Segment Open

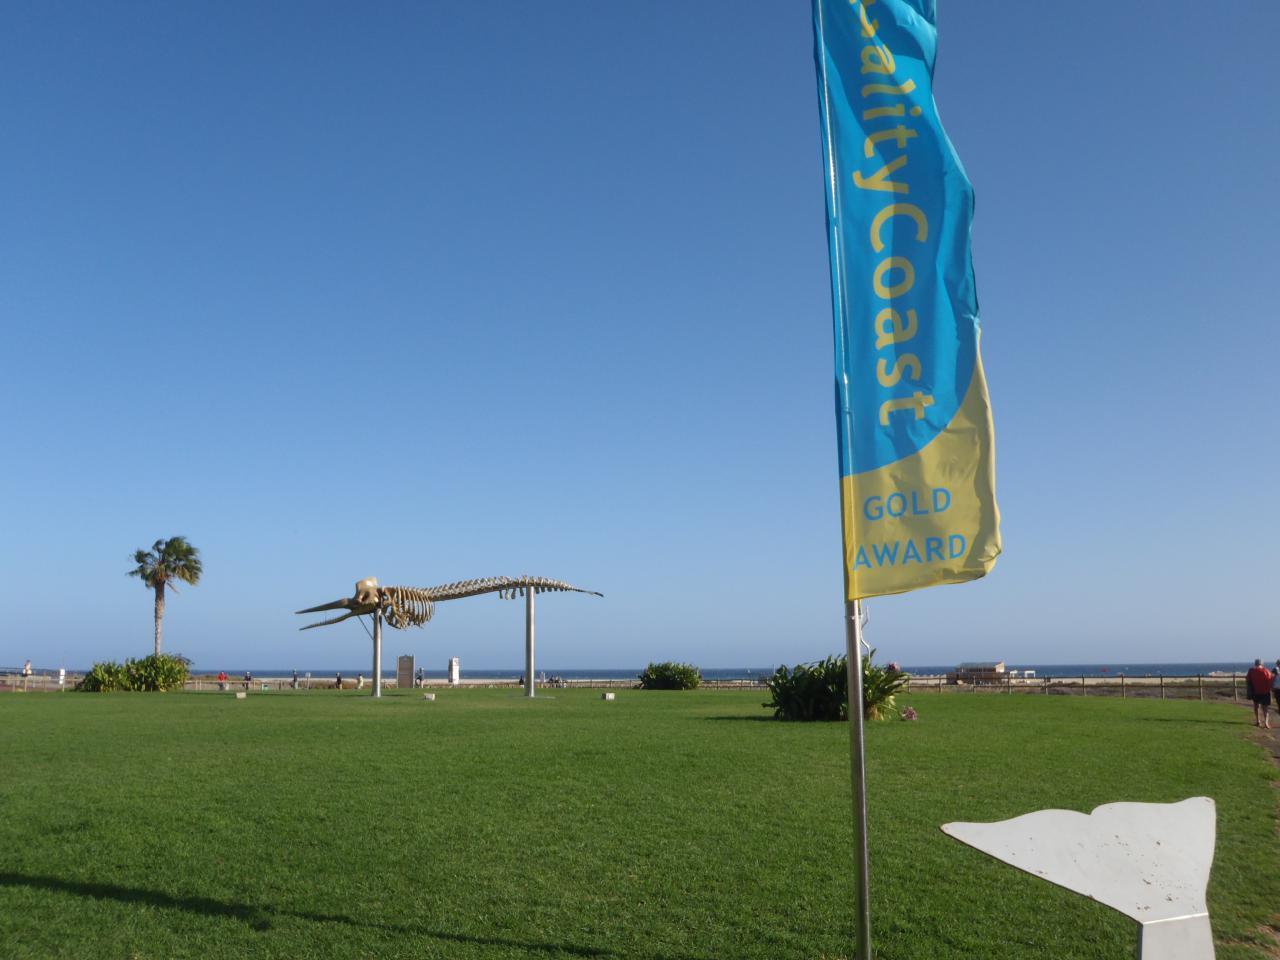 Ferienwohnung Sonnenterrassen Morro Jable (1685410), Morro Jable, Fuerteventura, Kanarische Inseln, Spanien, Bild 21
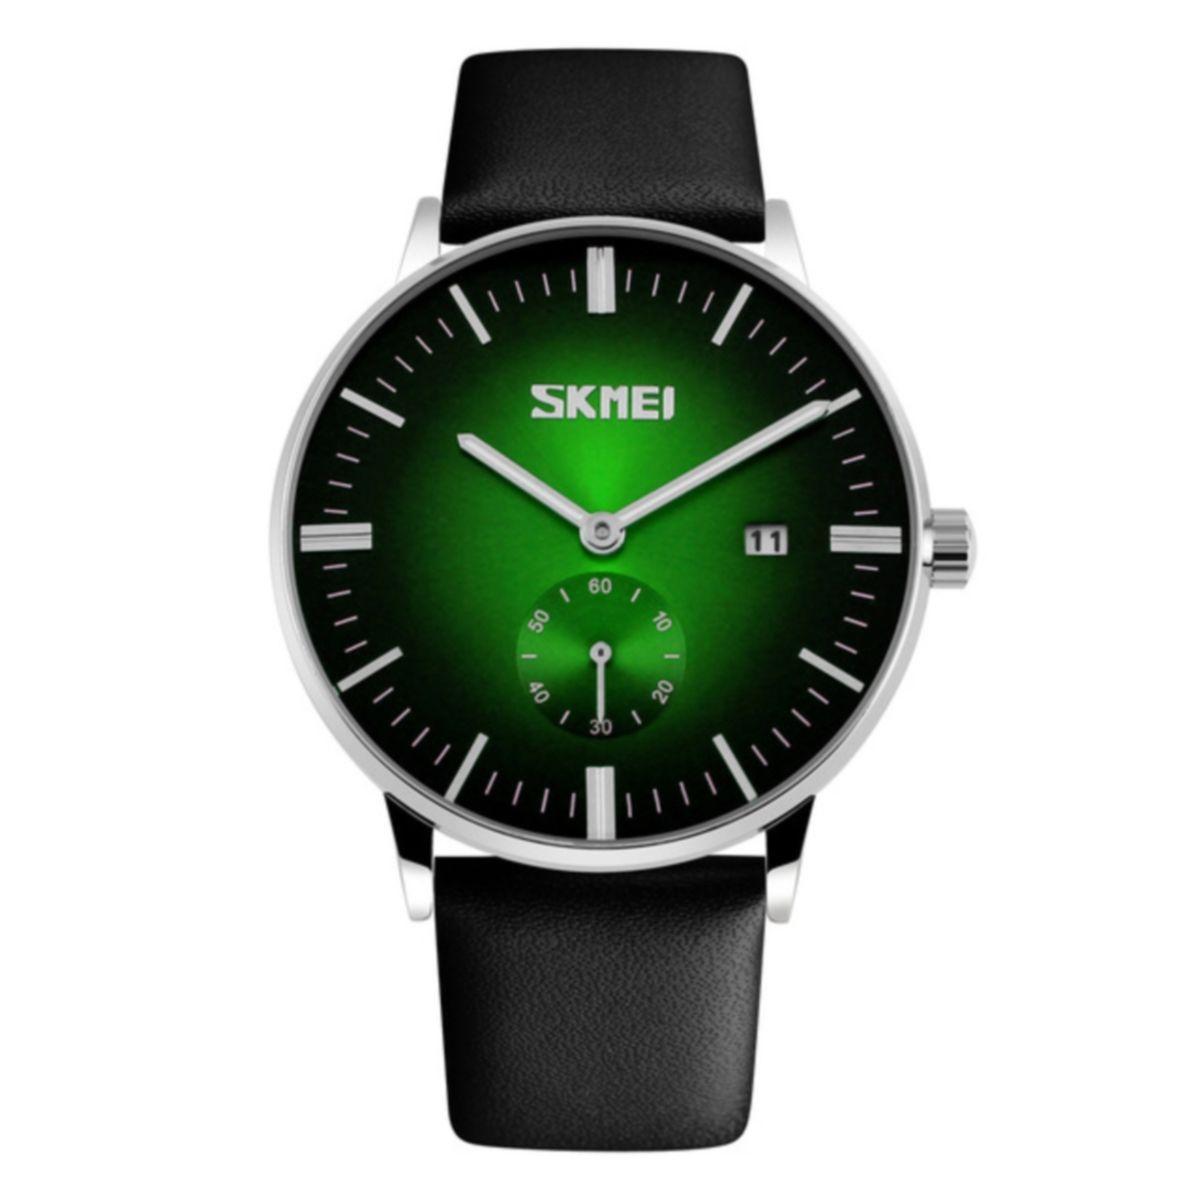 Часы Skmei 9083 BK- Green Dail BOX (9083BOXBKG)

Segment Closed
Segment Open

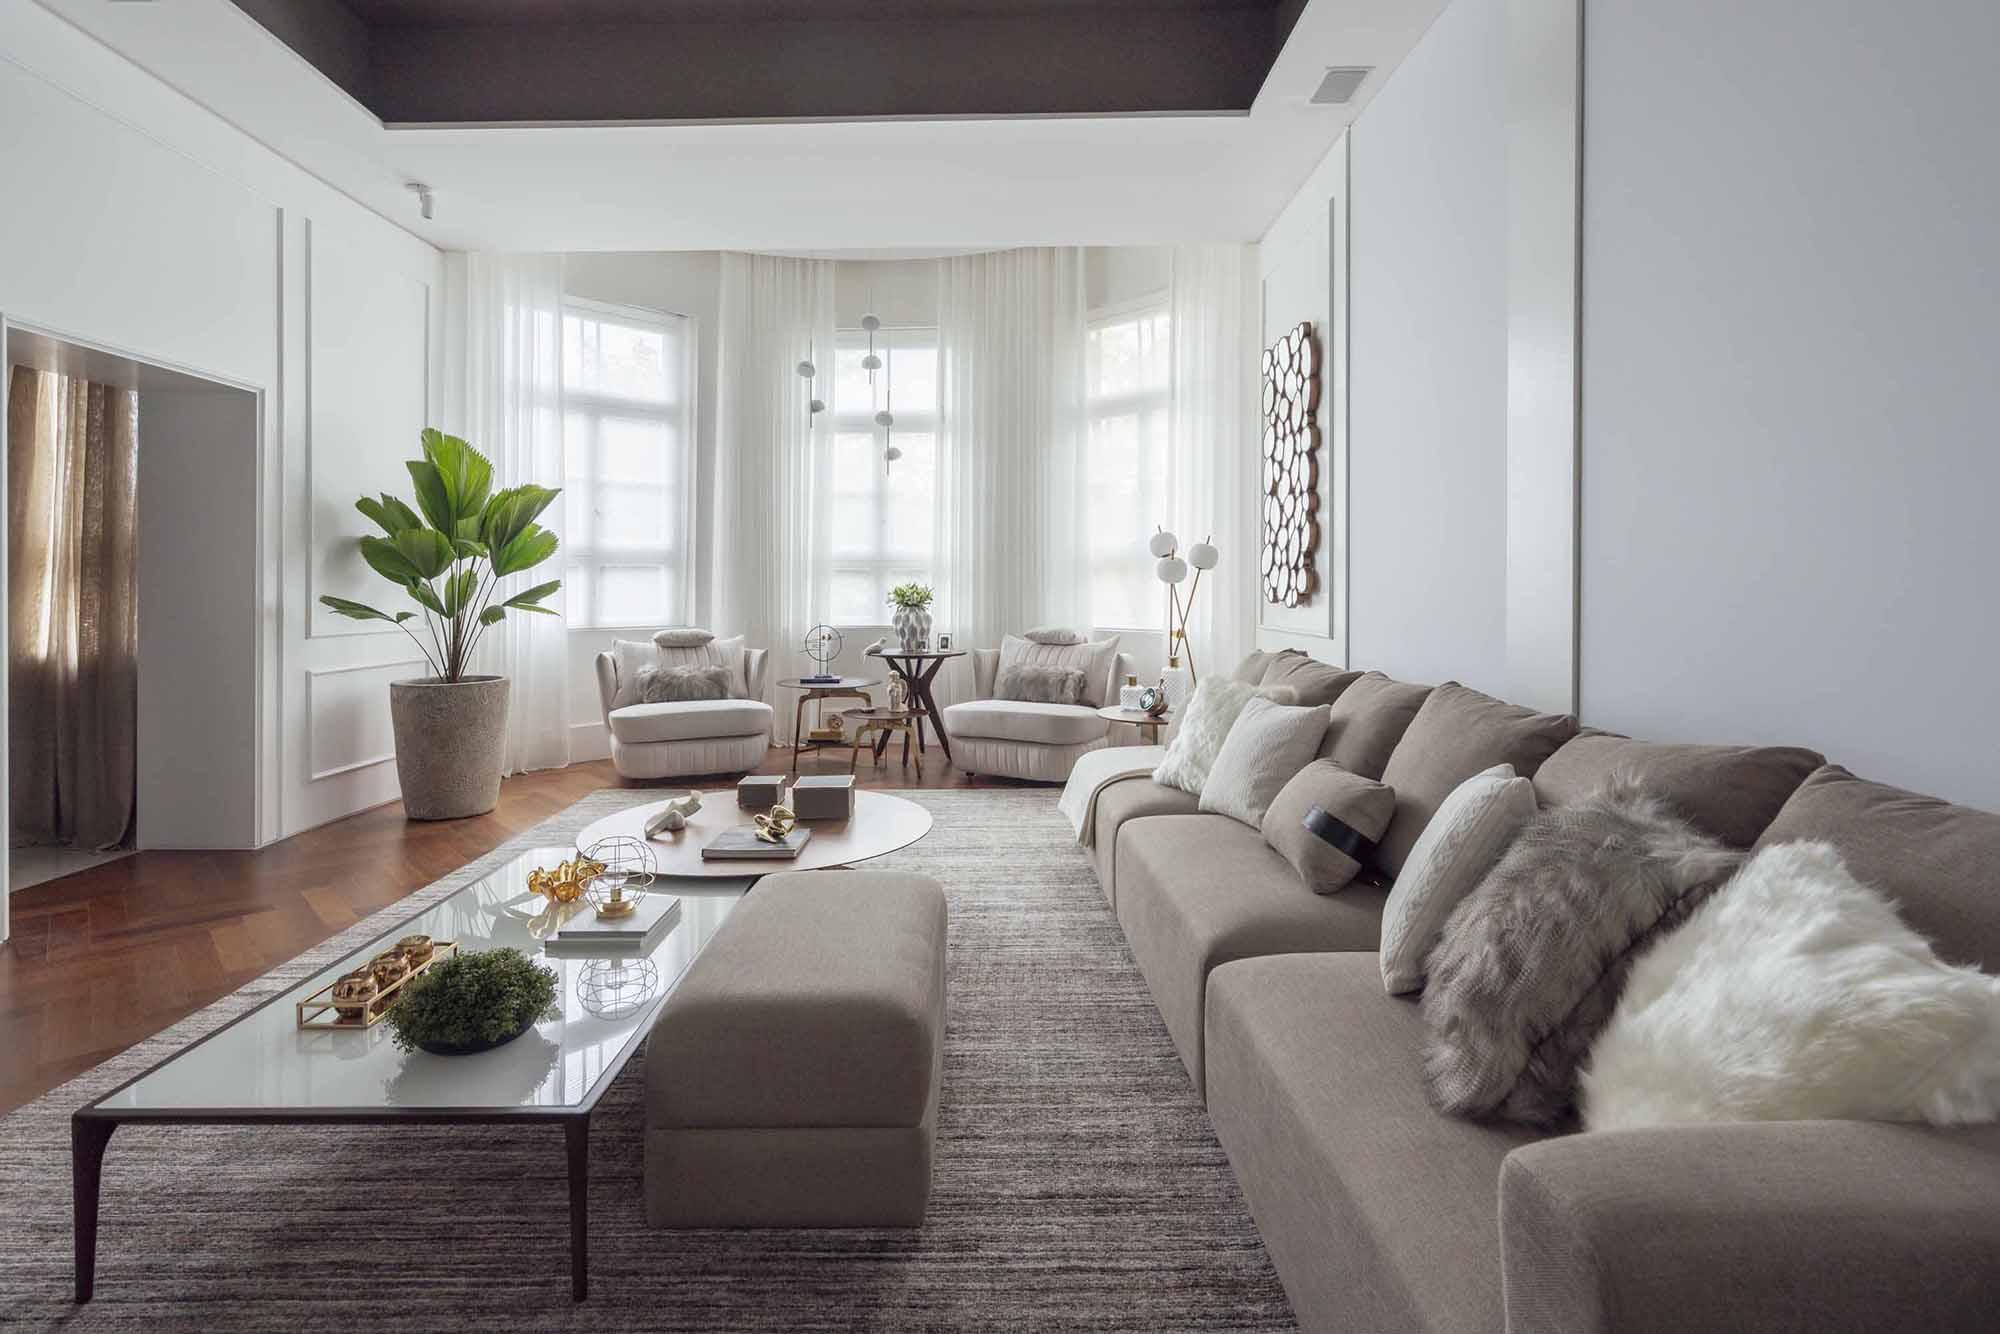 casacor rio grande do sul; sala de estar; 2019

Segment Closed
Segment Open

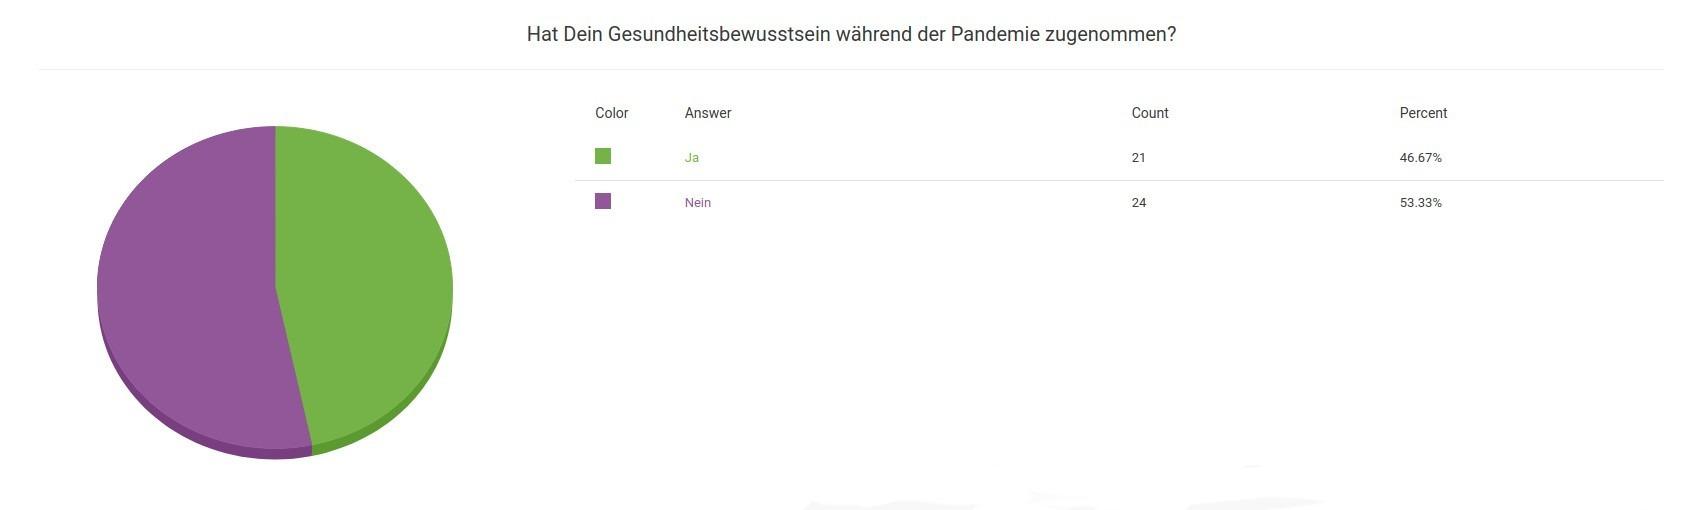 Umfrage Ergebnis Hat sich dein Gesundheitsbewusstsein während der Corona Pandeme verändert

Segment Closed

Your answer should be the lines above, word for word, from the line with "Ferienwohnung Sonnenterrassen Morro" through the line with "Часы Skmei 9083", minus the pictures.

Task answer
 Ferienwohnung Sonnenterrassen Morro Jable (1685410), Morro Jable, Fuerteventura, Kanarische Inseln, Spanien, Bild 21
 Часы Skmei 9083 BK- Green Dail BOX (9083BOXBKG)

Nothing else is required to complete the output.